* _Work request_
Somewhere below, one line contains "20 inspirasi riasan" and a later line contains "Tribal Twirl - VJ". Output those two lines and everything between them exactly, and nothing else.

* _Data under study_
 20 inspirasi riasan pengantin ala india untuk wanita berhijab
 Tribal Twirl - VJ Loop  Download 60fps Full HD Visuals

--

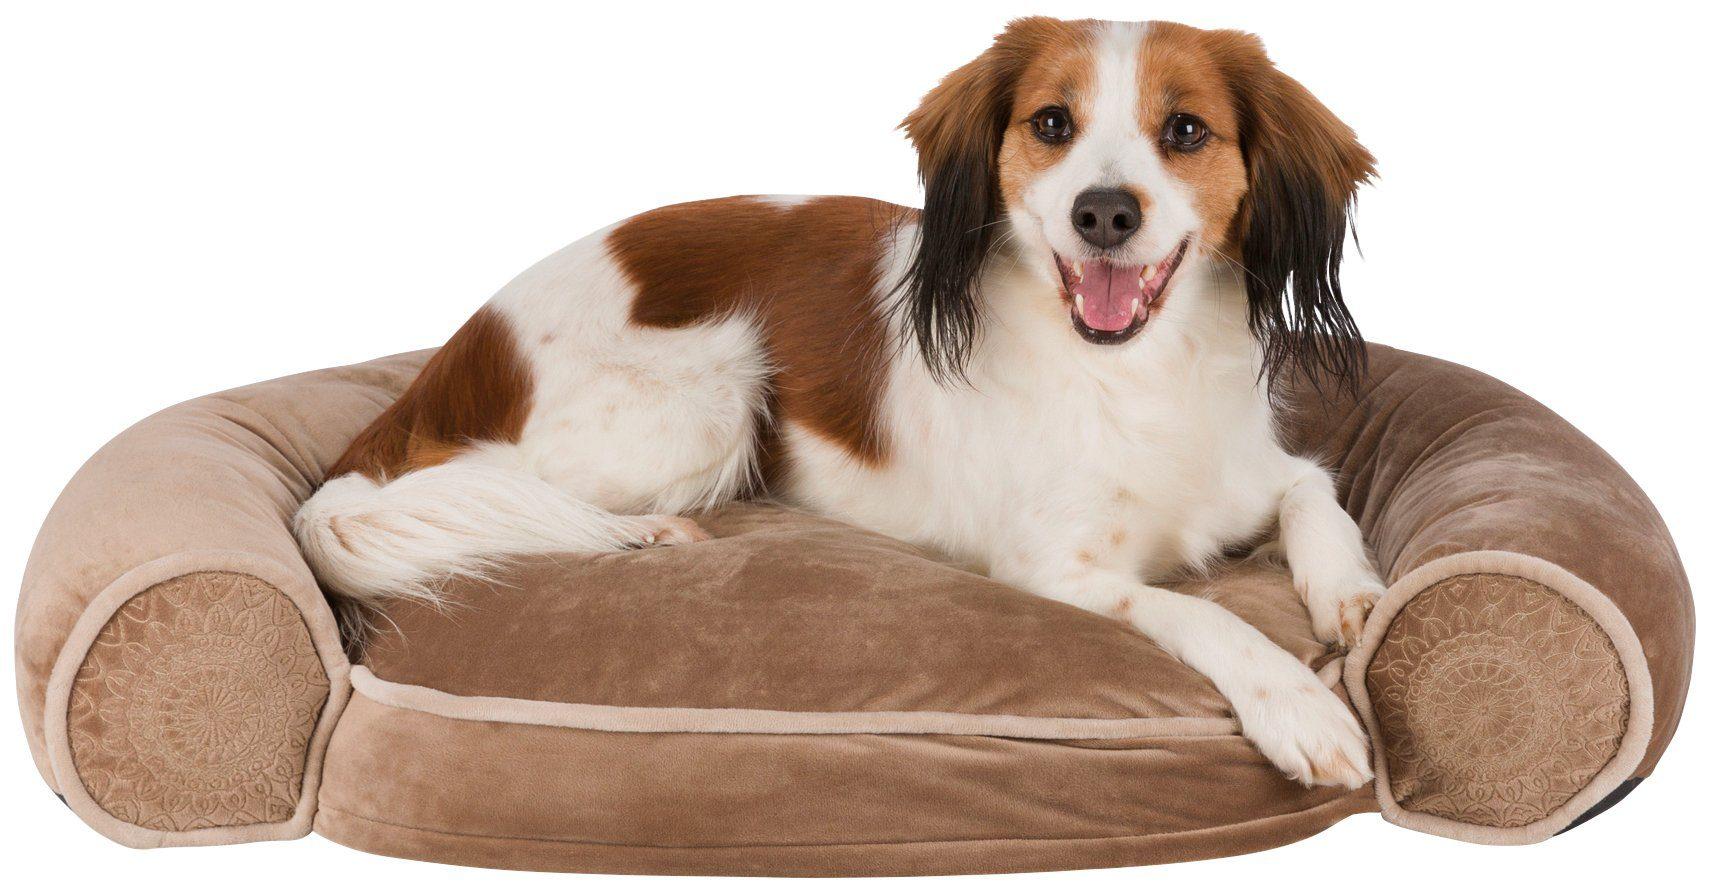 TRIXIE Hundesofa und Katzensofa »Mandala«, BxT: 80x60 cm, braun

--

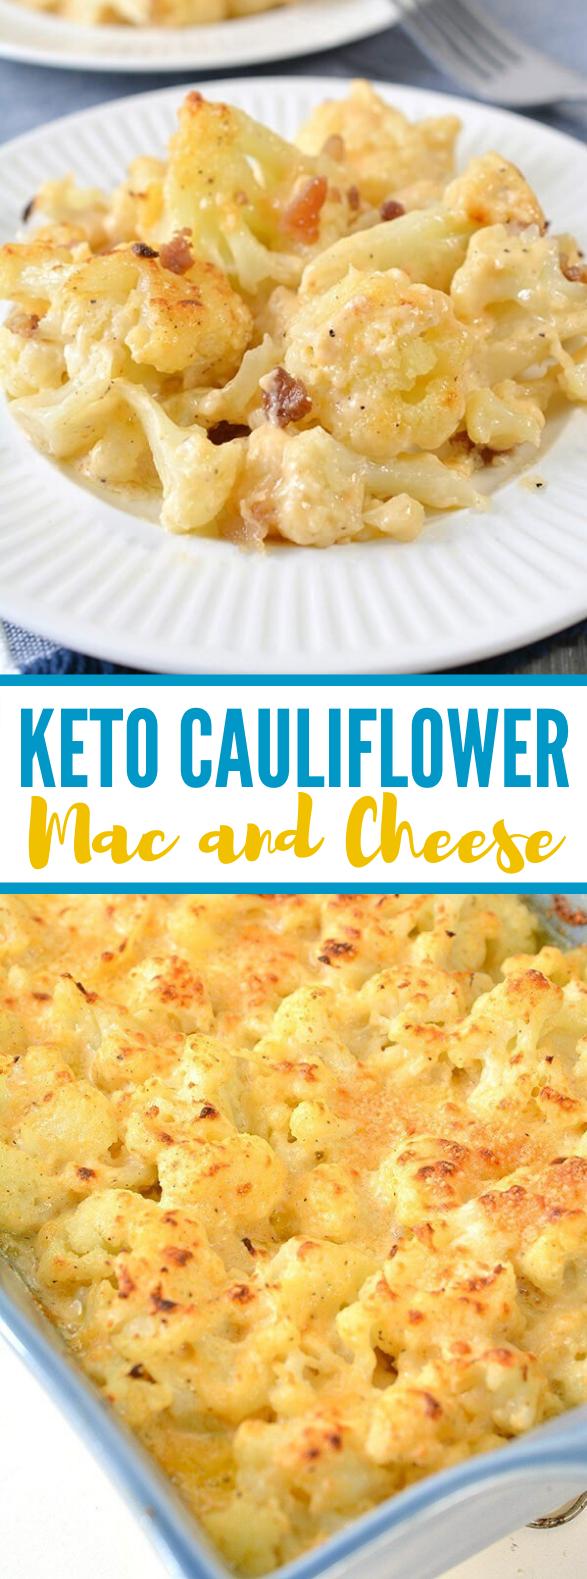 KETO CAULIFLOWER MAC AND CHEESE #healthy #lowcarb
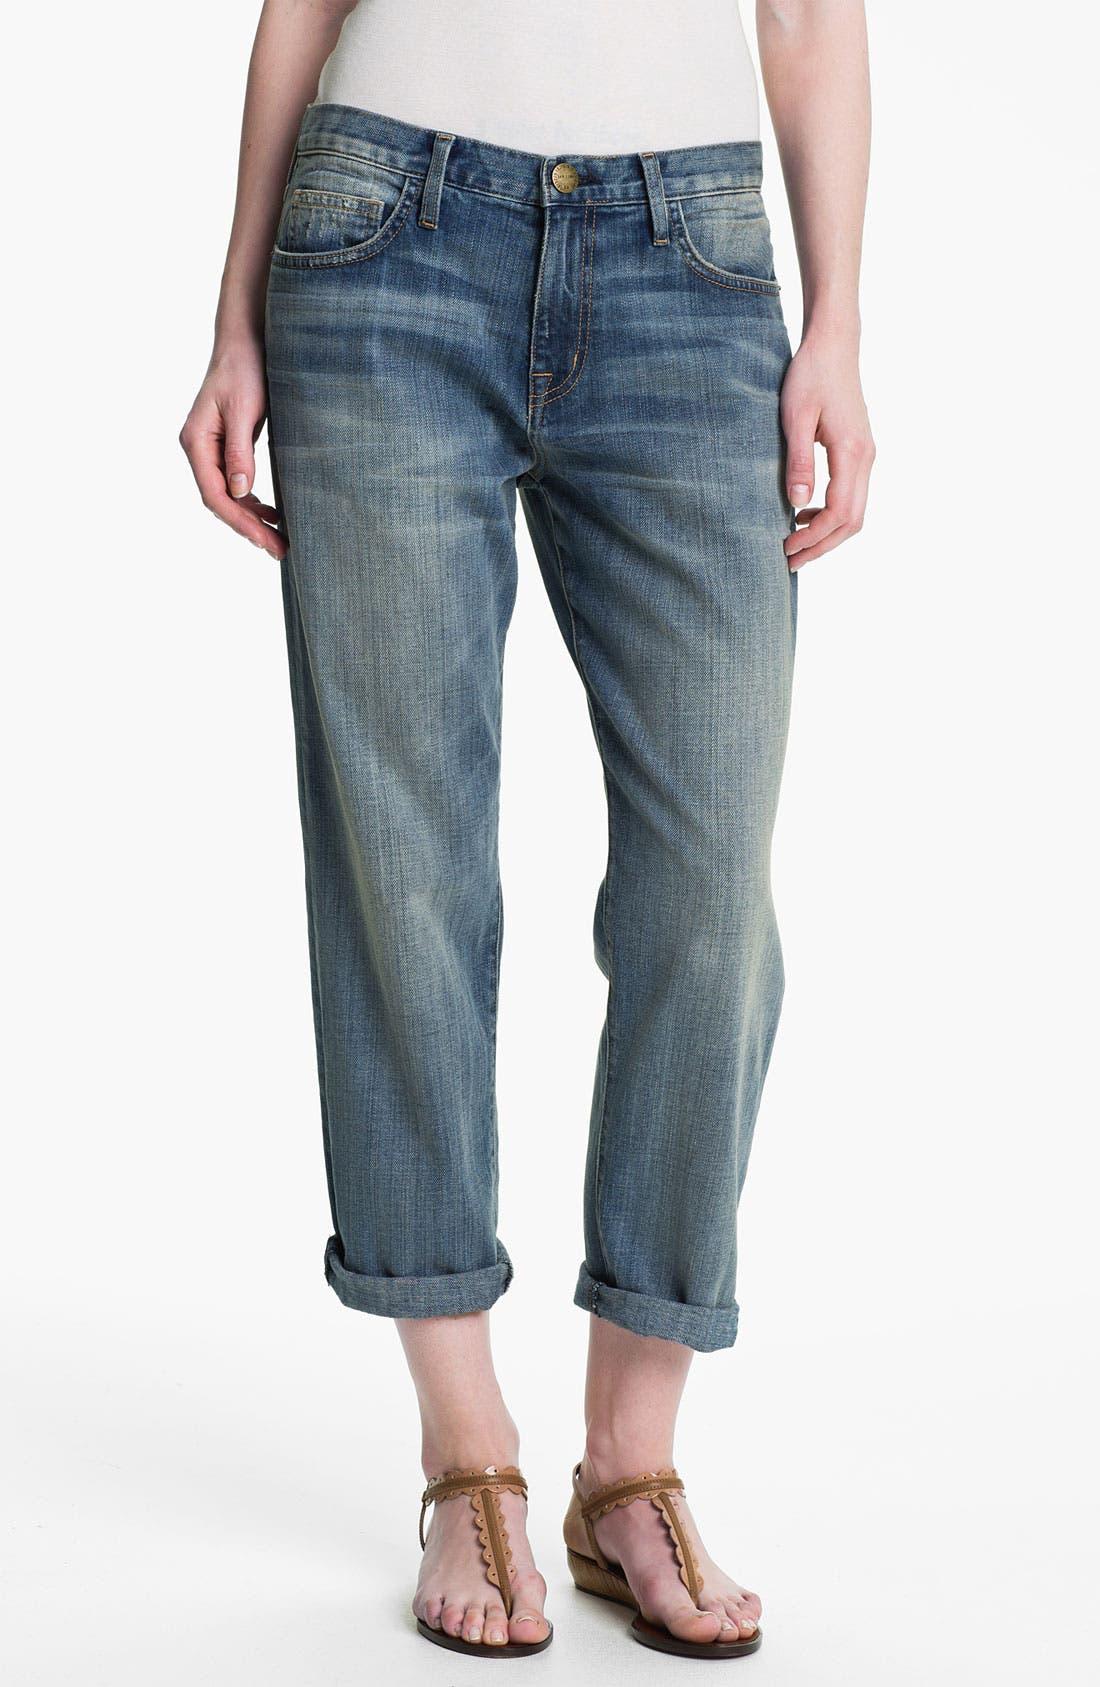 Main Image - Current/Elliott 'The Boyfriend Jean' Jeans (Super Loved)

* _Result_
 20 inspirasi riasan pengantin ala india untuk wanita berhijab
 Tribal Twirl - VJ Loop  Download 60fps Full HD Visuals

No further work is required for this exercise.